§ **Your goal**
The copy should hold only the line containing "Кофеварка электрическая ENERGY" and the lines after it through the end of the material, each exact, with no pictures.

§ **Data below**
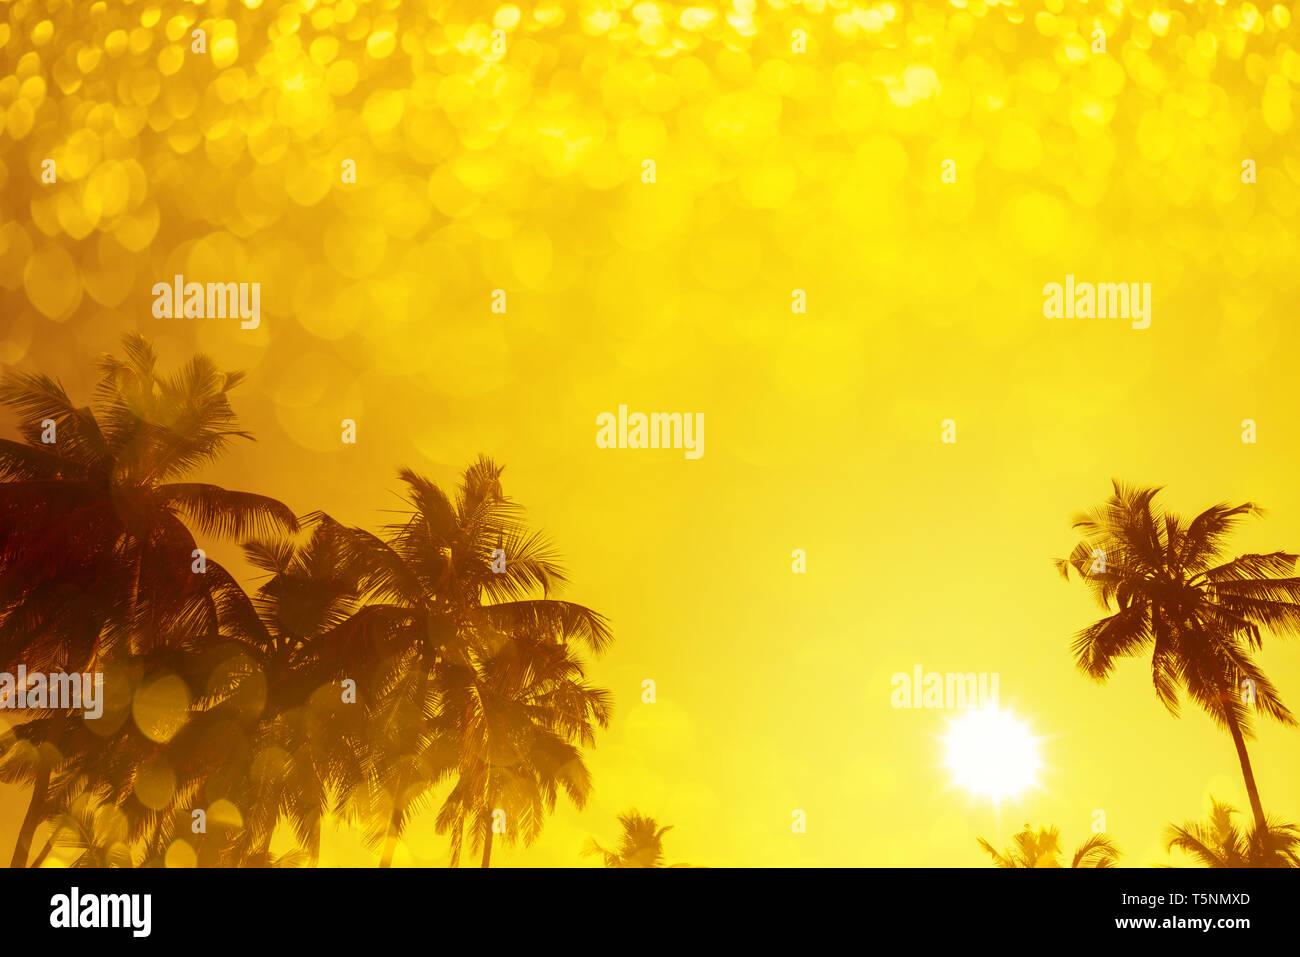 Dust Glitter Overlay Stock Photos & Dust Glitter Overlay
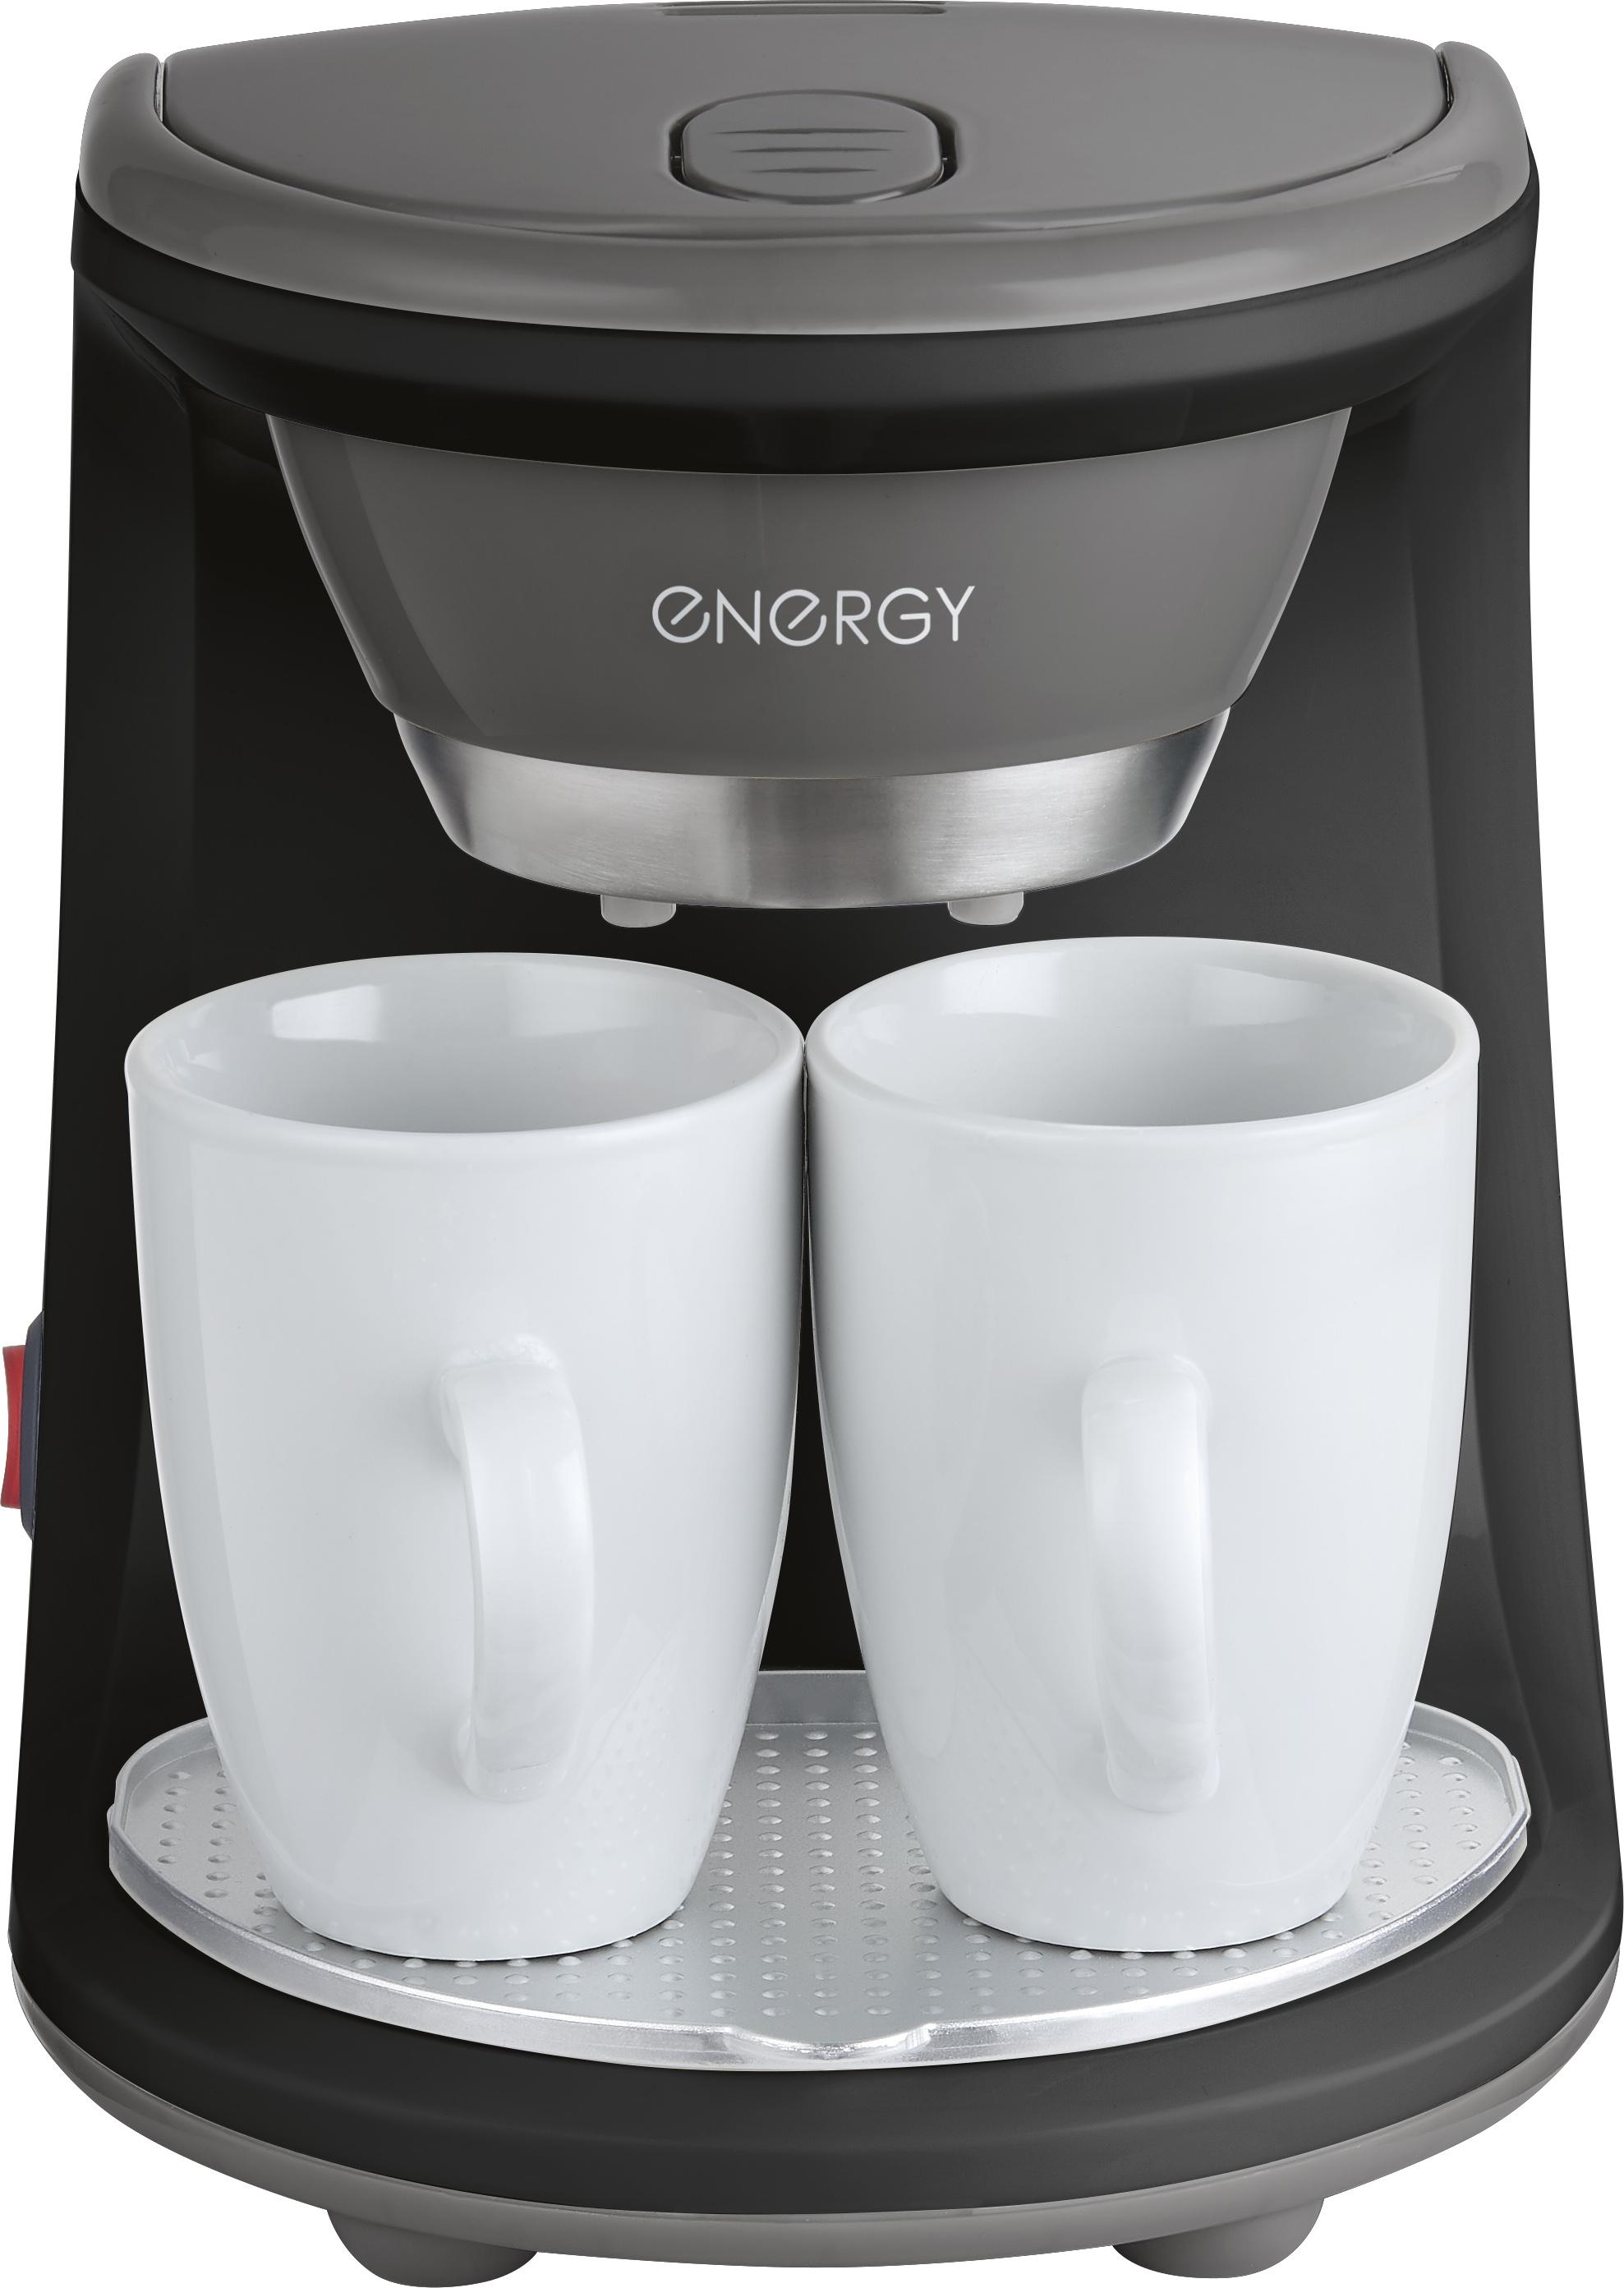 Кофеварка электрическая ENERGY EN-605, черный кофеварка energy en 601 450вт кремовая 2 чашки
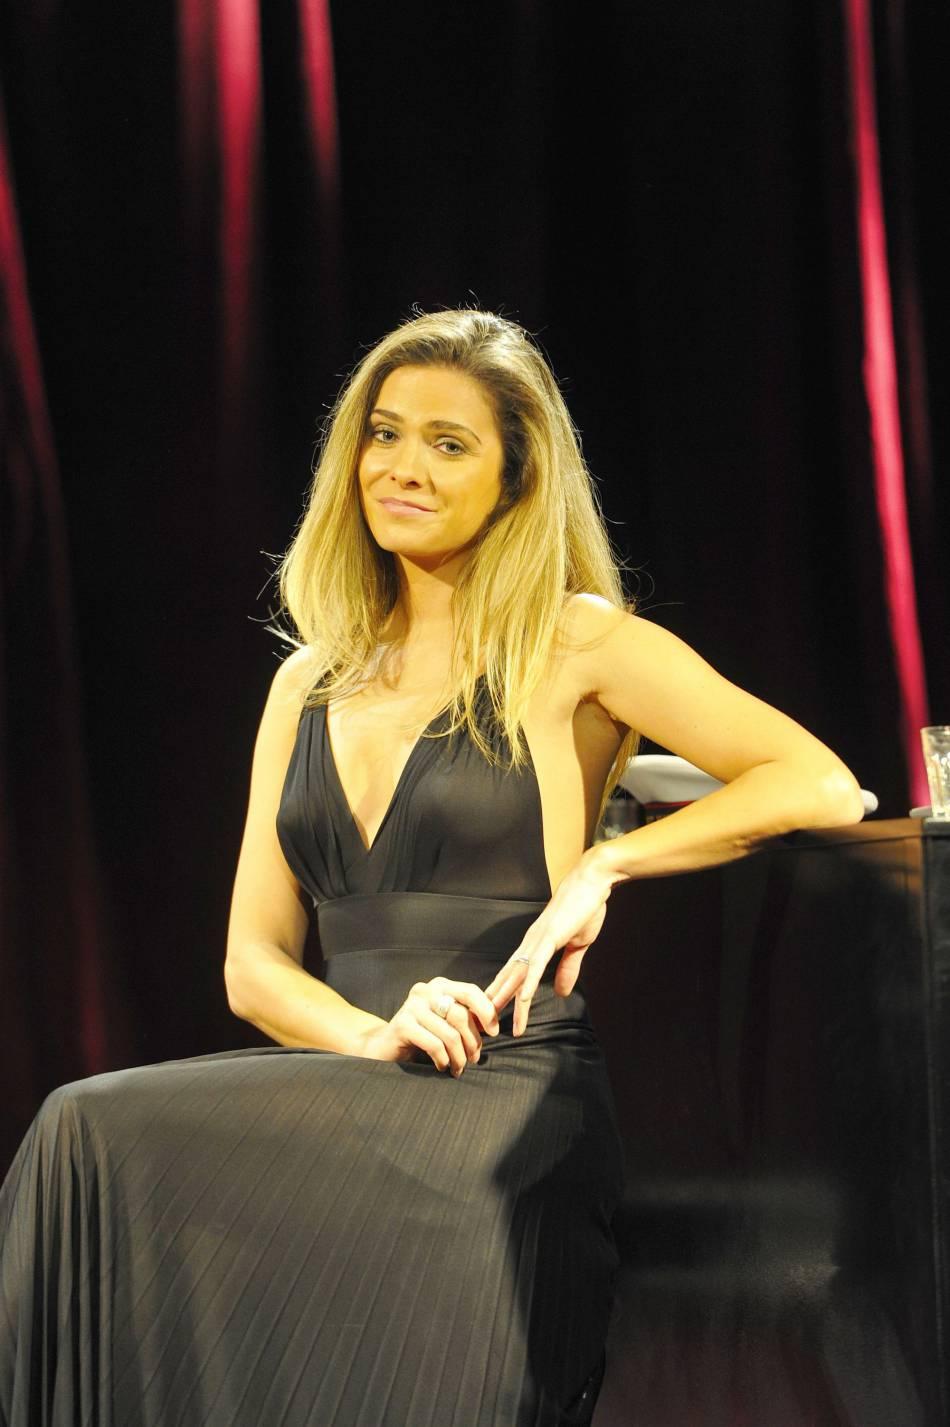 En 2012, Clara Morgane était sur scène. Cette fois, elle met en avant des artistes qu'elle aime dans son petit cabaret.
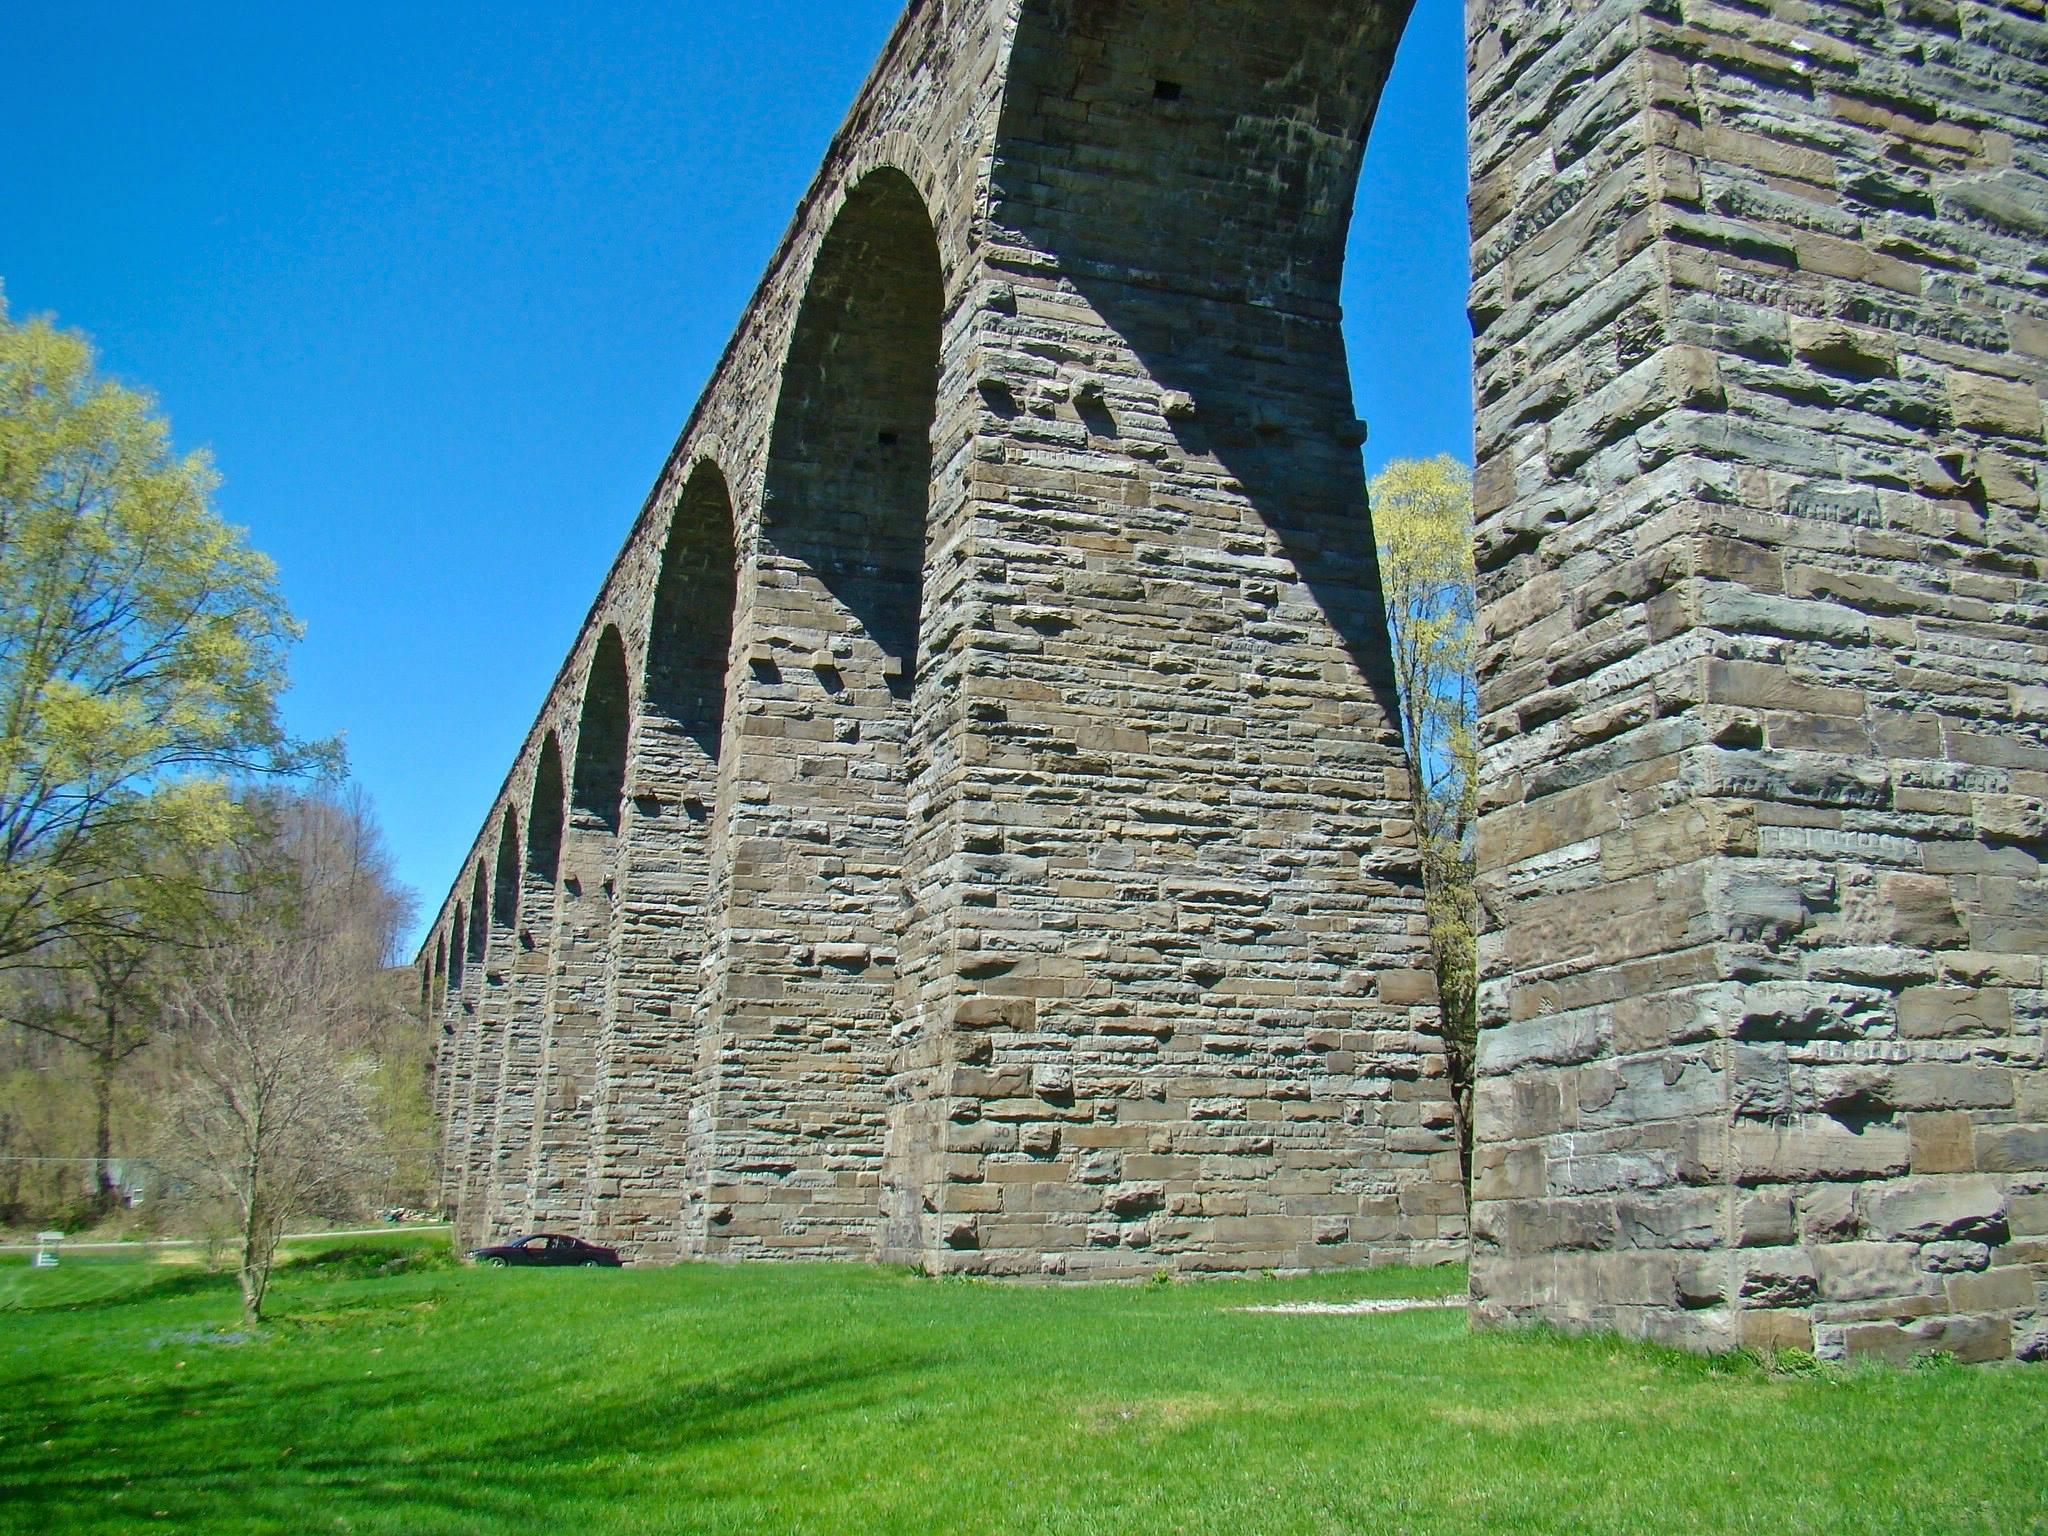 starrucca men Starrucca viaduct (centenniel celebration) starrucca viaduct (early description) steinbracher,  susquehanna (pa) men (1930) susquehanna (pa) restoration (1990).

§ **Answer section**
 Кофеварка электрическая ENERGY EN-605, черный кофеварка energy en 601 450вт кремовая 2 чашки
 En 2012, Clara Morgane était sur scène. Cette fois, elle met en avant des artistes qu'elle aime dans son petit cabaret.
 starrucca men Starrucca viaduct (centenniel celebration) starrucca viaduct (early description) steinbracher,  susquehanna (pa) men (1930) susquehanna (pa) restoration (1990).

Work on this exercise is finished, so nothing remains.